One of my patients had come in because she had a stroke.  She was pretty non-responsive, would open her eyes & look at you, but didn't say a word.  Her blood pressure was 181/87 & heart rate 115-120.  That seemed a bit high to me, so I was attempting to call the doctor when the day nurse says to me "Can you call this other doctor first about a patient that refused to have a test done today?"  I just looked at her...umm, hello - what is the priority here?  A stroke patient with a high BP & HR or a patient that refused to have a test done earlier today?  She says to me "Can't you just give her a PRN medication?"  Huh?  What do you want me to give her...Tylenol?  Milk of magnesia?  Jeez!  Anybody home in there?  I got some orders for Captopril & Cardizem.  It didn't do much to improve the situation, but at least it helped it from getting worse.  I know you don't want the blood pressure low, but 180's was too high for me to be comfortable with.  Not to mention her heart rate would jump up to the 130's-140's now & then.  I didn't like it.

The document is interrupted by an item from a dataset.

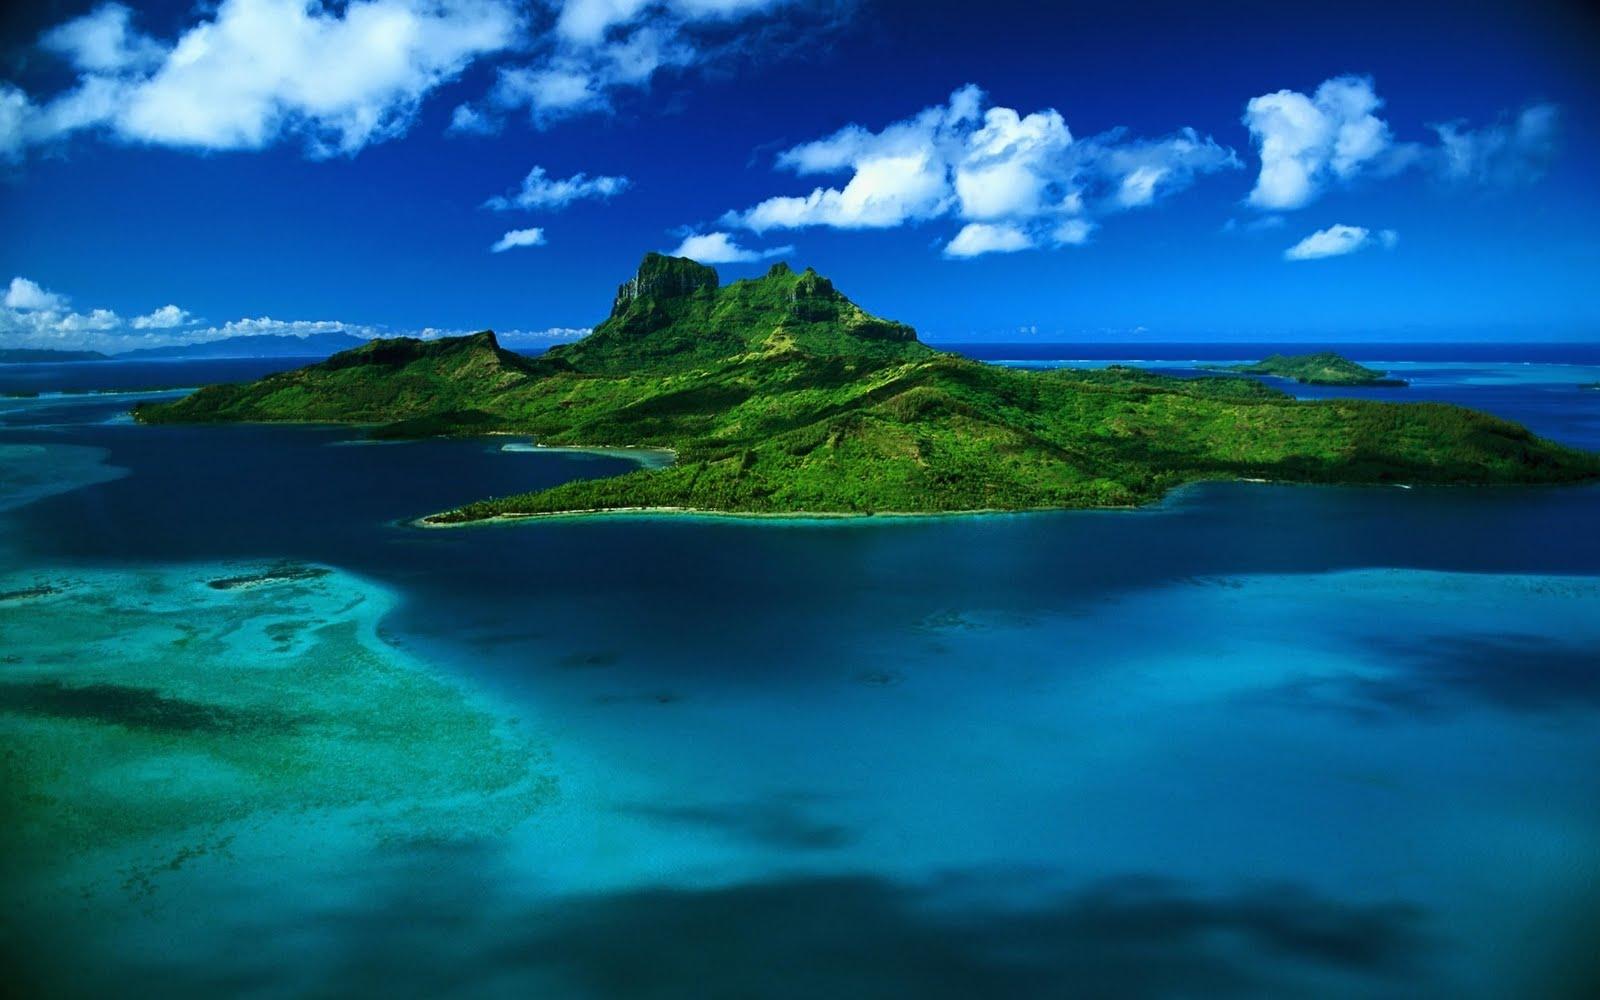 http://1.bp.blogspot.com/_EZ16vWYvHHg/TVBOPt9Q5GI/AAAAAAAAW9Y/Ki4EVDI5W4M/s1600/www.BancodeImagenesGratuitas.com%2B-mauritius-island-%2BIsla%2BMauricio.jpg

That was the patient with family visiting.  I felt bad for them.  Two days earlier this woman had been cooking them dinner & it was a fun family night.  Now she was unresponsive & couldn't move her right side at all.  She's 93 years old, so I would think in the back of your mind, you have to be preparing yourself that anyone that age is getting close to the end...but it's still tough.  They were crying, asking questions, you could see & feel the sadness they were feeling.  I'm sure it didn't help when my other patient in the same room starts saying to me "It sure is hard when you lose family members..." - yet another reason I think all hospital rooms should be private rooms.  No one wants to hear that kind of talk when they are dealing with the reality of losing a family member.  I am not used to having to deal with these type of situations.  Usually, for the most part, the patients do get better & go home.  With this lady, I'm not sure that is going to happen.  Her daughter asked me last night if I could make her mother better.  What am I supposed to say to that?  I told her I'd keep a close eye on her & take care of whatever she needs.  Part of me wants to avoid the emotional stuff - because deep down, one of my biggest fears is losing a parent.  I don't want to have to deal with the emotional aspect of that any sooner than I have to - so I put it out of my mind.  But now with a situation like this where you are watching a family slowly lose a loved one, it is a reminder of just how tough it is. 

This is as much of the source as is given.